Le binôme constitué avec l’éducateur spécialisé, positionné au sein du PAS et formé aux recommandations de bonnes pratiques professionnelles, doit permettre un travail de concert et s’élargir aux professionnels internes et externes à l’école, sollicités en fonction des besoins des élèves concernés.

Le coordonnateur du PAS sera utilement aidé par un gestionnaire des accompagnements humains pour organiser la répartition et les emplois du temps des AESH, dans la logique actuelle de l’organisation des PIAL. 

Il importe que les principes de mobilisation de professionnels médico-sociaux du périmètre du PAS et extérieurs à l’équipe mobile d’appui à la scolarisation (EMAS) fassent l’objet de conventionnements préalables entre l’EMAS et les organismes gestionnaires concernés. L’apport possible de professionnels en libéral, à la demande des familles, devra être précisé.

Ainsi, les PAS créeront les bases d’une école enrichie par une nouvelle pluridisciplinarité. Cette approche commune devra être intégrée dès la formation initiale et renforcée par des formations continues conjointes et croisées.

Les PAS seront tenus de respecter les professionnalités et les principes de l’inter métier. Les PAS, à l’instar des DAR, ouvrent un espace à la conjugaison de métiers et de cultures jusqu’ici juxtaposées et cloisonnées. 

S’agissant de l’organisation pratique :

Les PAS nécessitent d’être facilement accessibles et identifiés, dans une articulation claire avec les dispositifs existants, avec un maillage territorial garantissant une répartition permettant de couvrir toutes les zones, y compris les plus rurales. Dans cet esprit, l’installation des PAS dans des établissements scolaires est à promouvoir.

Leur saisine doit être simple et accessible aux familles comme aux équipes éducatives. 

Ils doivent pouvoir mettre en place des réponses concrètes rapidement, mais aussi veiller à ce que les réponses soient ajustées au fil du temps, offrant ainsi un suivi régulier et personnalisé. 

Le système d’information hybride, conjuguant des outils internes de l’Éducation Nationale comme le LPI, insuffisamment déployé aujourd’hui sur le plan national, avec la multiplicité des outils des établissements et services médico-sociaux, devra tenir compte des contraintes règlementaires et en particulier du respect du RGPD.

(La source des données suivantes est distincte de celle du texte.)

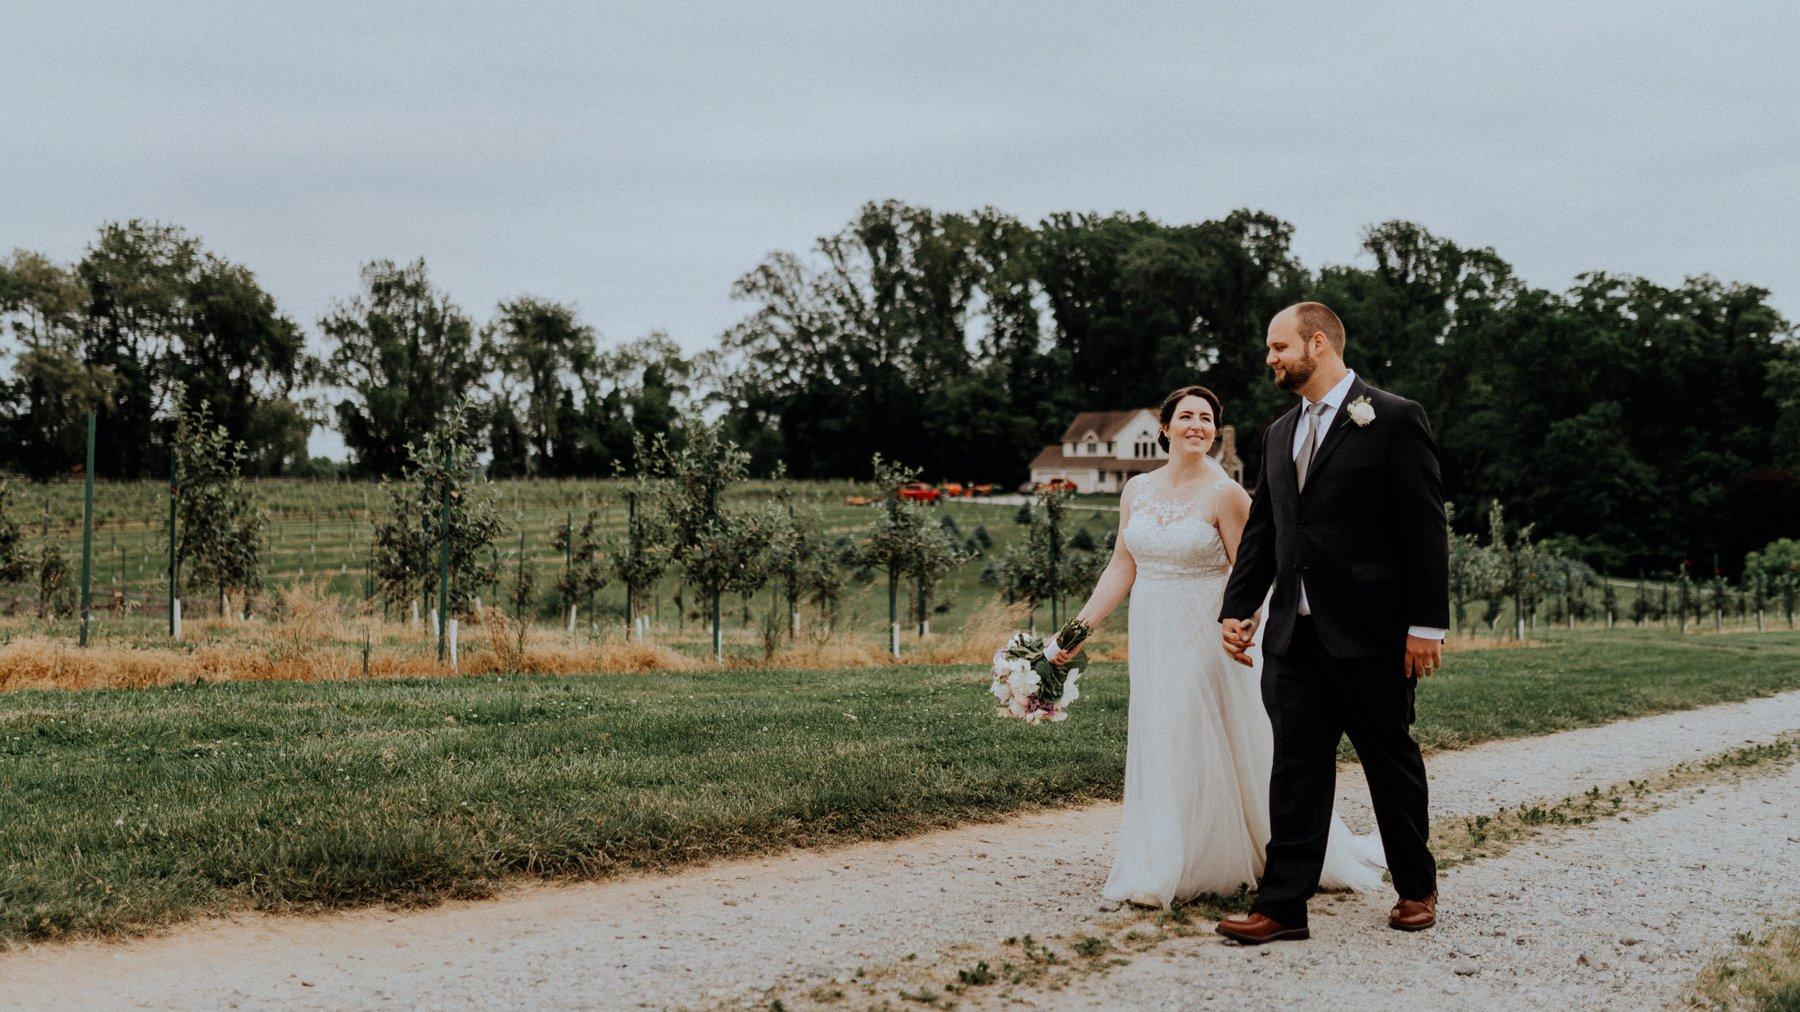 109-092-old-stone-farm-wedding-4.jpg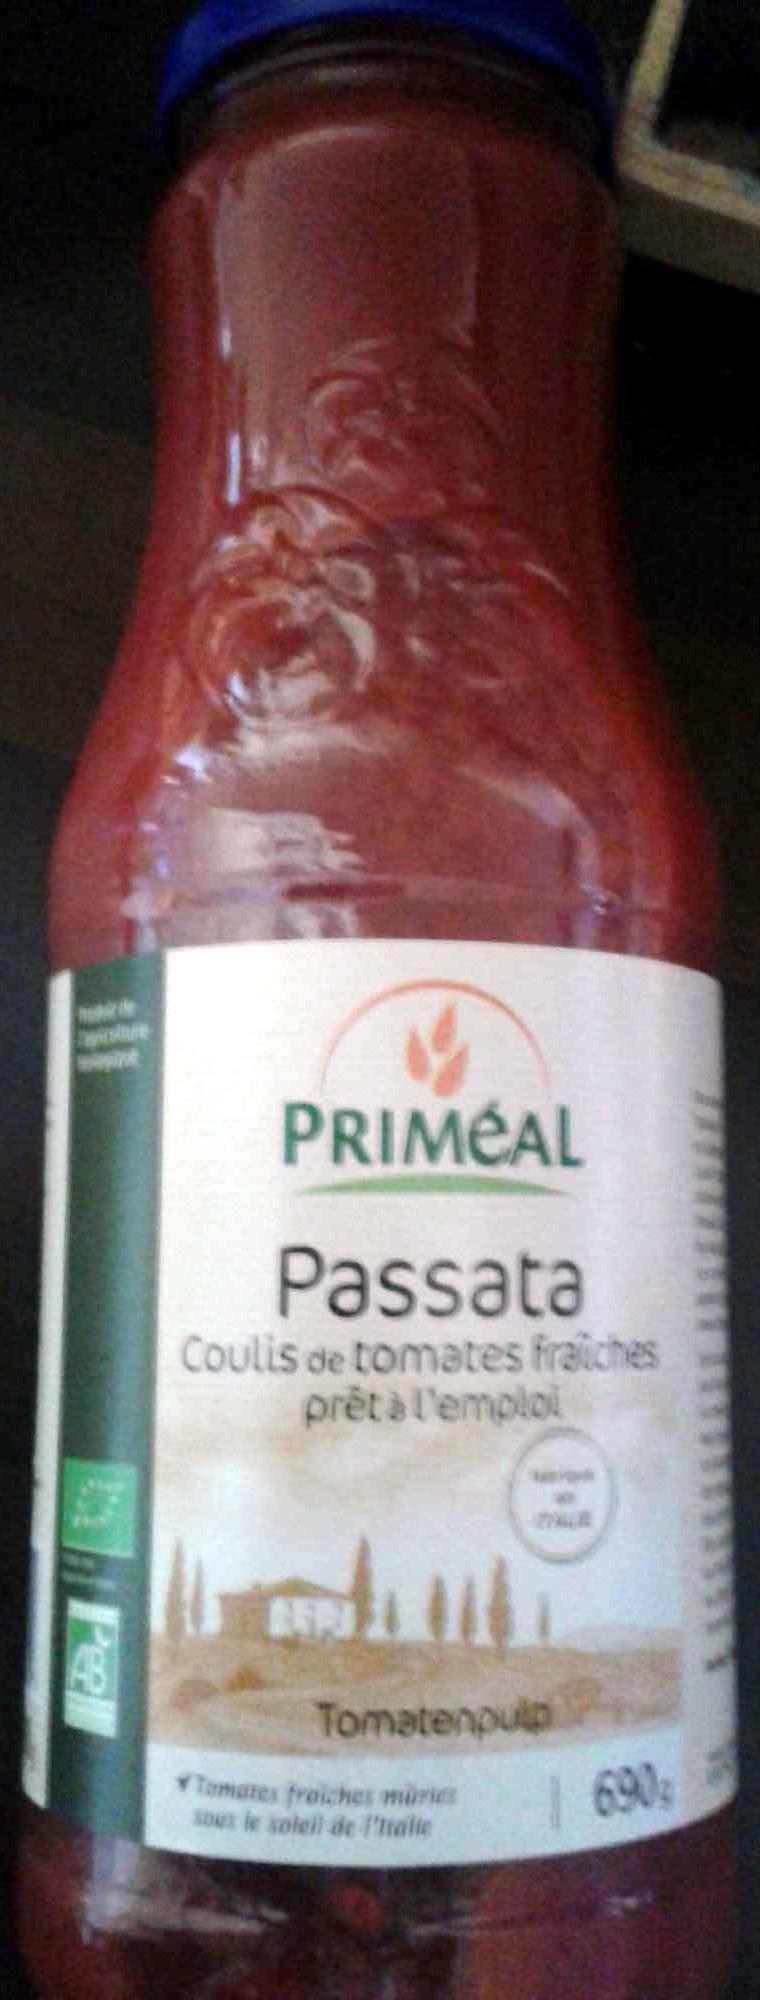 Passata, Coulis de tomates fraîches - Produit - fr

La prise en charge des frais de déplacement ainsi que de tout autre frais nécessaire à la réalisation des missions du PAS doit être prévue dans le budget de fonctionnement de ce nouveau dispositif, tant du côté médico-social que pour les professionnels de l’Éducation Nationale.

S’agissant de la gouvernance et des interactions avec les institutions :

Les PAS s’inséreront dans un système complexe, tout en respectant les prérogatives des différents acteurs et notamment l’opposabilité des notifications de la MDPH dans le respect des droits des familles. Ils doivent prendre appui sur des outils déjà existants tels que le GEVASCO, les documents de mise en œuvre, notamment PAP, PPS, … et le LPI pour déployer leurs interventions.

Les modalités de gouvernance auront ainsi à prendre appui sur une modélisation nationale ajustée en tenant compte des particularités territoriales.

Une présentation de l’organisation, de ses actions et des résultats de leur évaluation pourrait être faite régulièrement auprès du CDSEI (Comité Départemental de Suivi de l’École Inclusive) afin de garantir l’information, le suivi et l’implication de l’ensemble des acteurs concernés par la scolarisation (représentants des jeunes et des familles, collectivités territoriales, acteurs du médico-social, …) dans la poursuite de ce projet collectif.

S’agissant de l’évaluation :

L’évaluation continue du dispositif auprès des différents acteurs de la communauté éducative permettra de mieux outiller une future généralisation. Il serait judicieux de la confier à des acteurs spécialistes de l’amélioration continue de la qualité, intégrer des outils objectifs de type Qualinclus et des aides effectives à la planification, en y associant les élèves et leurs familles.